The Fuse Voltage Rating

The fuse voltage is a function of its capability to interrupt the flow of overload current in the event of a fault. Generally, fuse voltage rating should be higher than the circuit where they are used. but never lower, since the fuse voltage rating is a function of its capability to interrupt the overload current in the event of a fault. If the voltage rating of the fuse is much lower, say 50%, than the system voltage, the arc quenching effect of the fuse might be impaired when the fuse element melts. A basic example:A 750mA 5kV microwave oven high voltage fuse tube has a diameter no bigger than fuses we find in electronic circuits, but with a much longer length. The considerably longer length enables the fuse to quench the arc when the fuse opens.

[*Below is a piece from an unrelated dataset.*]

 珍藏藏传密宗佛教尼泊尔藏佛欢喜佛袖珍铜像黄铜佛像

For low voltage system, fuses with 600Volts fuse rating will perform well in a 230V to 480V system. Always check the time current characteristic curve of the fuse manufacturer since you might assume that a time delay fuse (Class K5) of a lower ampere rating offers better protection than a higher rated non-time delay fuse (Class K1 or class J). This is a false assumption. In general, the rating of the fuse is an asymptotic value e.g: the equation y=1/x curve:The increasing value of x towards infinity will make the value of y getting nearer and nearer to zero and gets closer and closer to the x-axis but never touching it). This equates to a condition where the minimum fuse melting threshold is not met and the fuse does not open; inasmuch as the overcurrent is below or just slightly below the fuse's melting threshold.

Current Limiting Fuses (CLFs)

The Current Limiting Fuse's peak let-through is the CLF's instantaneous value. TheI2t average let-through value is the thermal energy produced during the fuse element's opening. The equation I2t is the square of the current multiplied by the time. It is proportional to the energy and magnetizing forces cause by a fault, generating heat and opening the fuse element. The I2t information of a fuse is provided by manufacturer's data sheet for coordinating the upstream and downstream of an electrical network.

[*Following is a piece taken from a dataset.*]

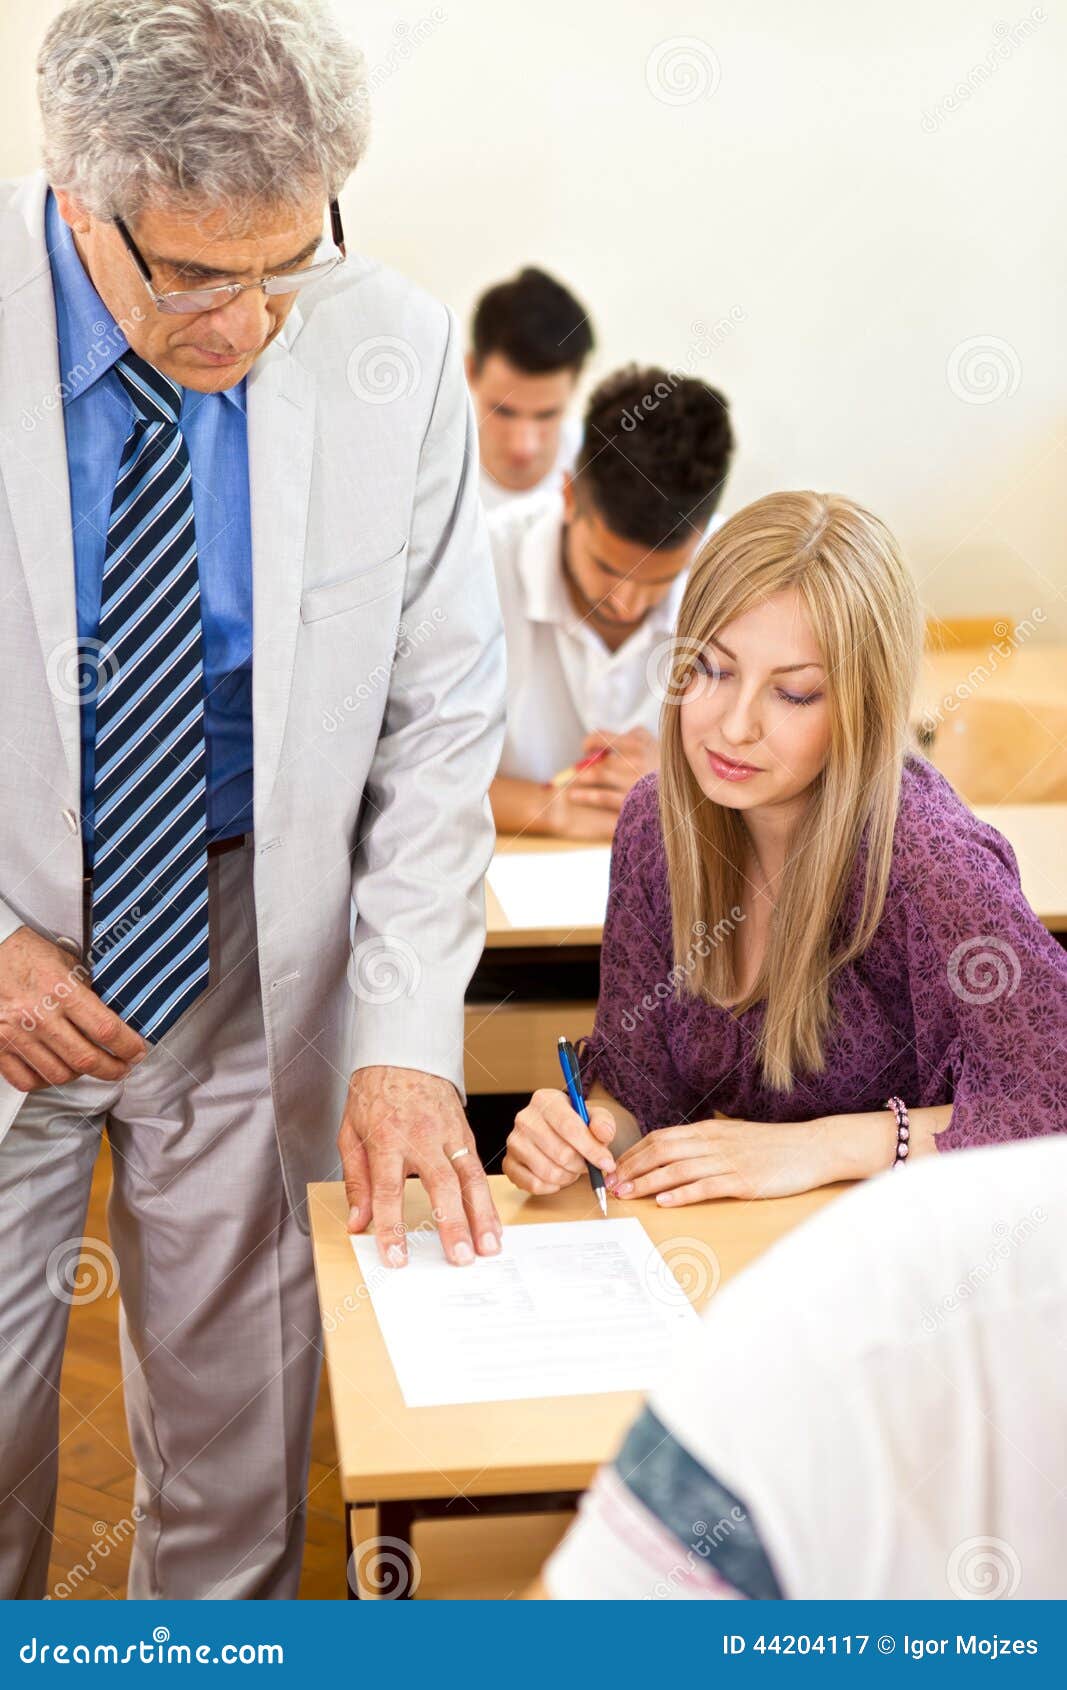 teacher observes his students

To minimize the damage to electrical equipment during a fault, use a CLF with lower let-through current than the available short circuit current of the system.

CFLs in Series

Current Limiting Fuses limits the very high fault current to a lesser value (let-through current) in areas where there is a substantial increase in available short circuit current due to the addition of new reactive loads. This condition renders the circuit breaker's interrupting rating become marginally low for the system. Instead of replacing the circuit breaker, which entails a major investment cost, the Current Limiting Fuse is used and installed before and in series with the circuit breaker.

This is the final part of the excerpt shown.